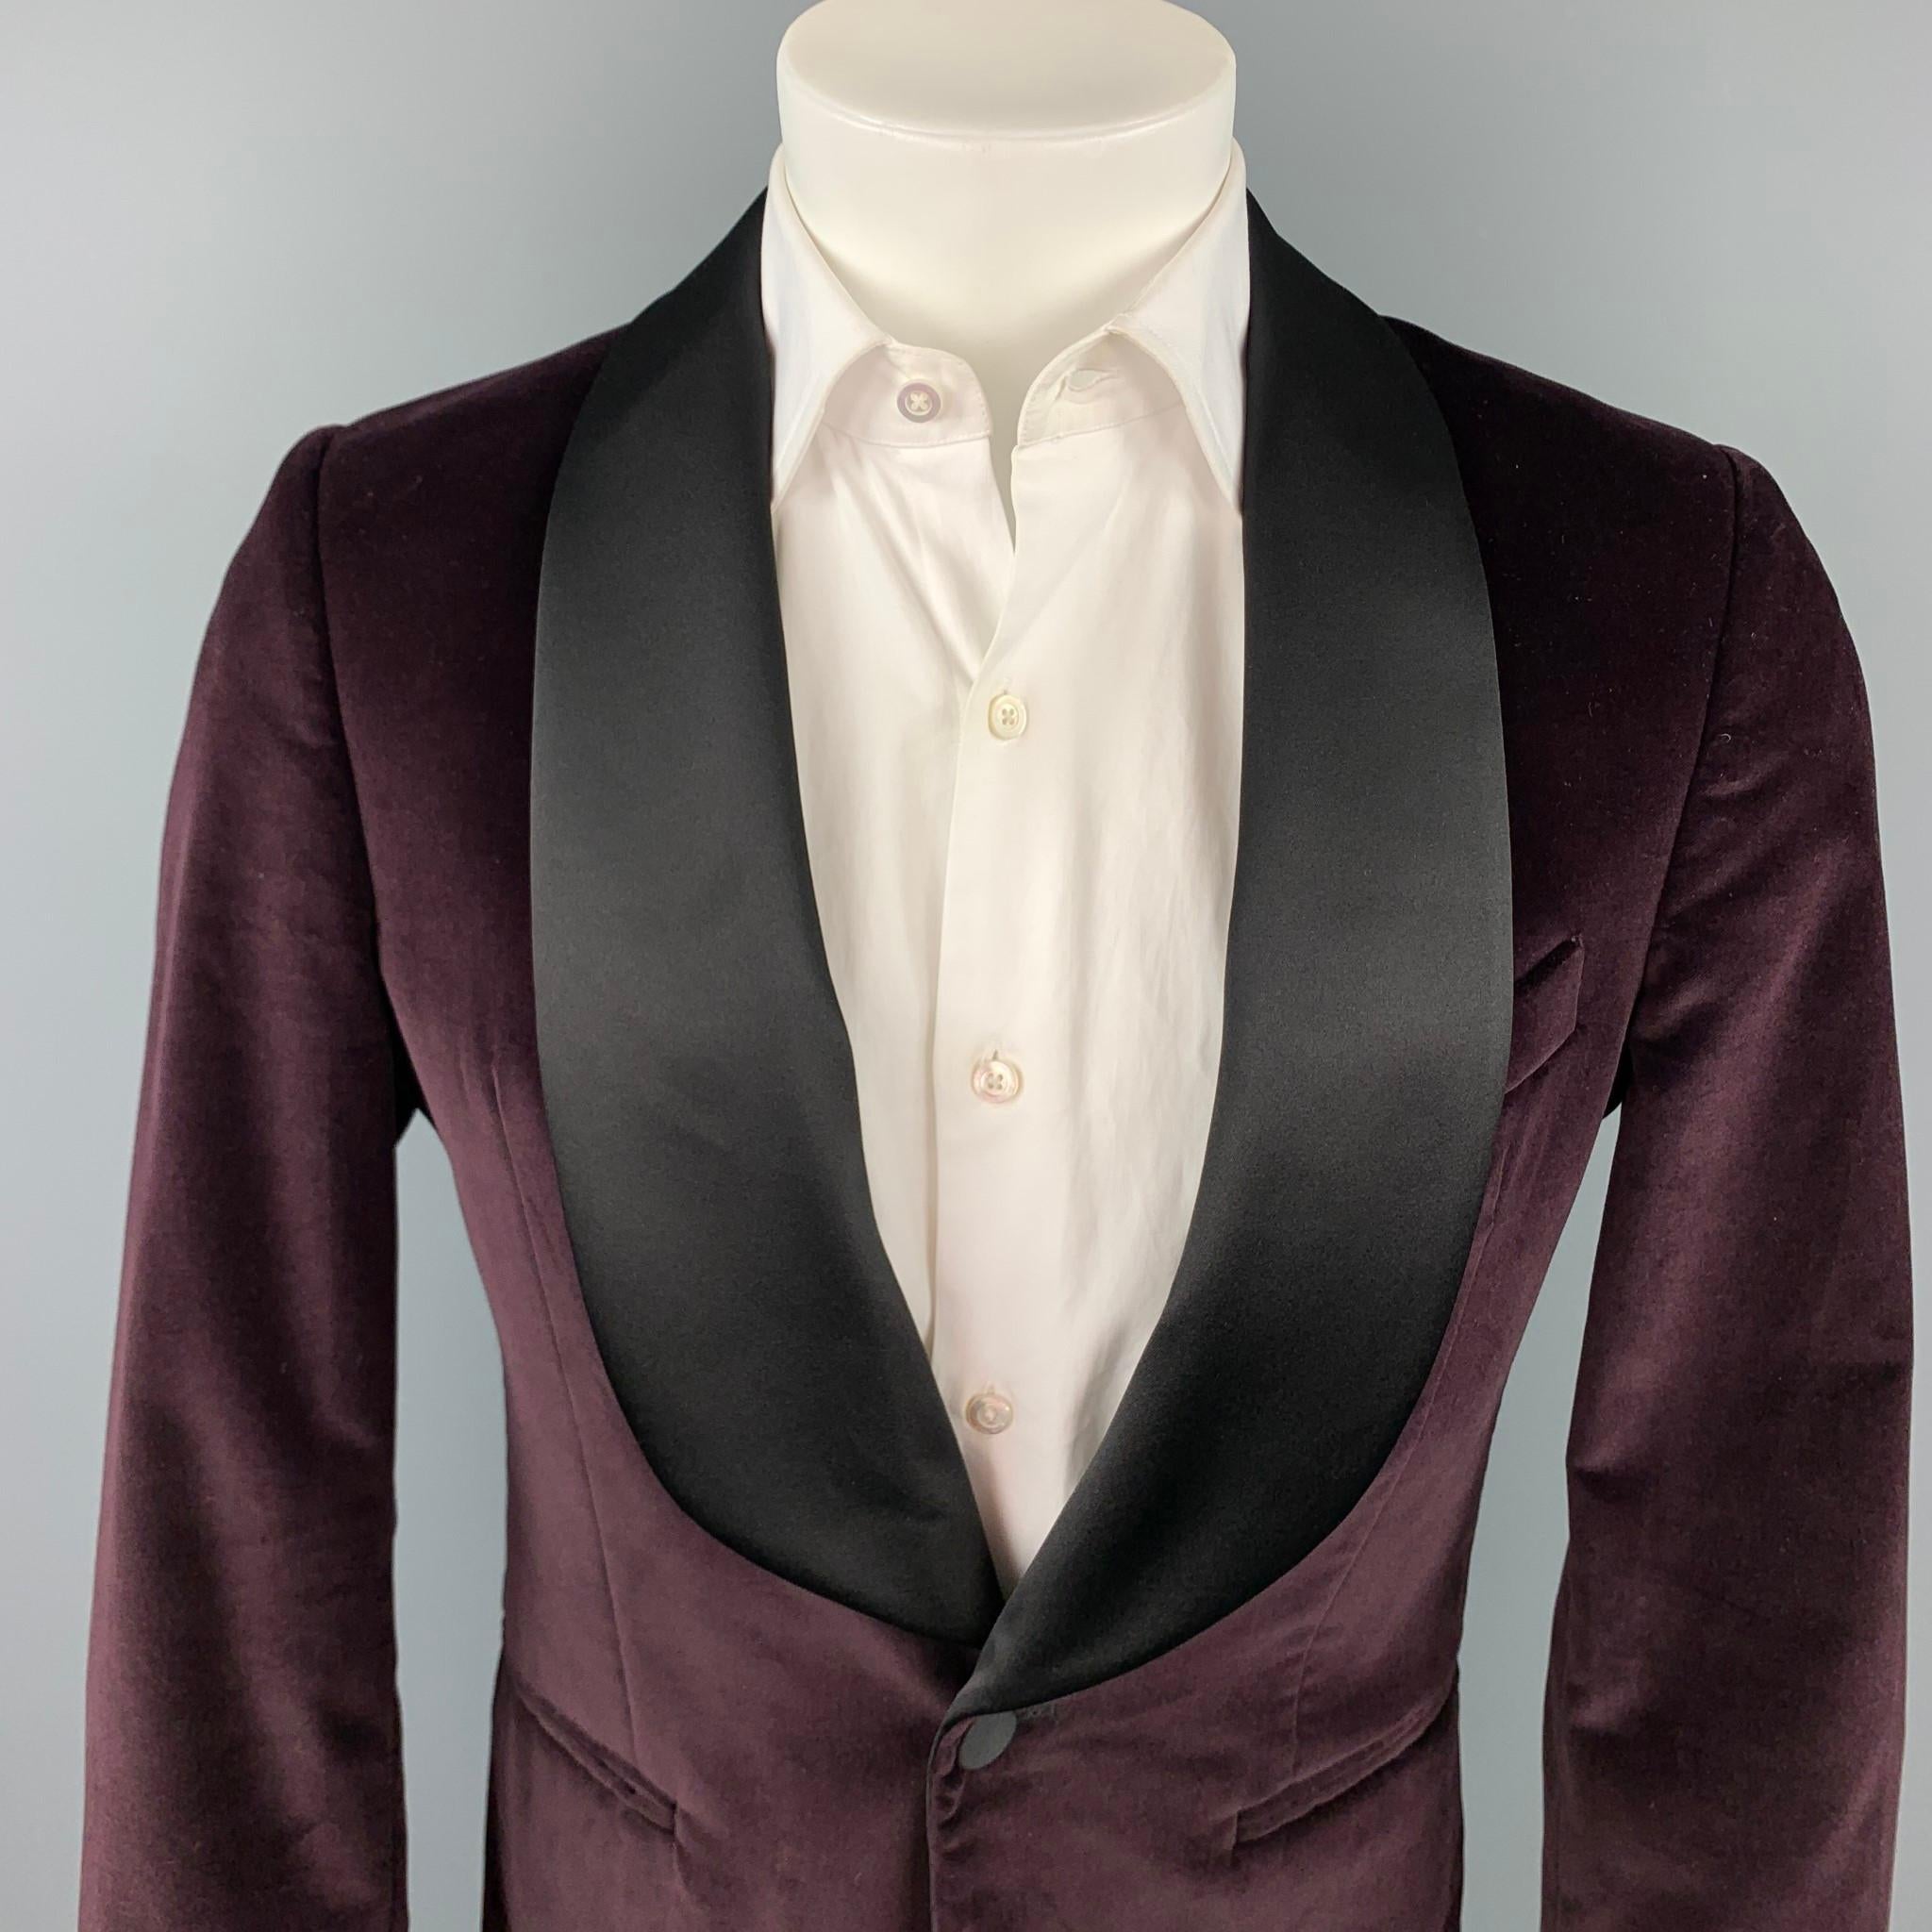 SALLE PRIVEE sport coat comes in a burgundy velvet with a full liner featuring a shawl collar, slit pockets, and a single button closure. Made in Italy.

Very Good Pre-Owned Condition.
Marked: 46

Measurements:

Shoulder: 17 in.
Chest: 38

PROMPT:
Every line of the listing above is to be repeated exactly, with its pictures left out.

PROBLEM SOLUTION:
 SALLE PRIVEE sport coat comes in a burgundy velvet with a full liner featuring a shawl collar, slit pockets, and a single button closure. Made in Italy.

Very Good Pre-Owned Condition.
Marked: 46

Measurements:

Shoulder: 17 in.
Chest: 38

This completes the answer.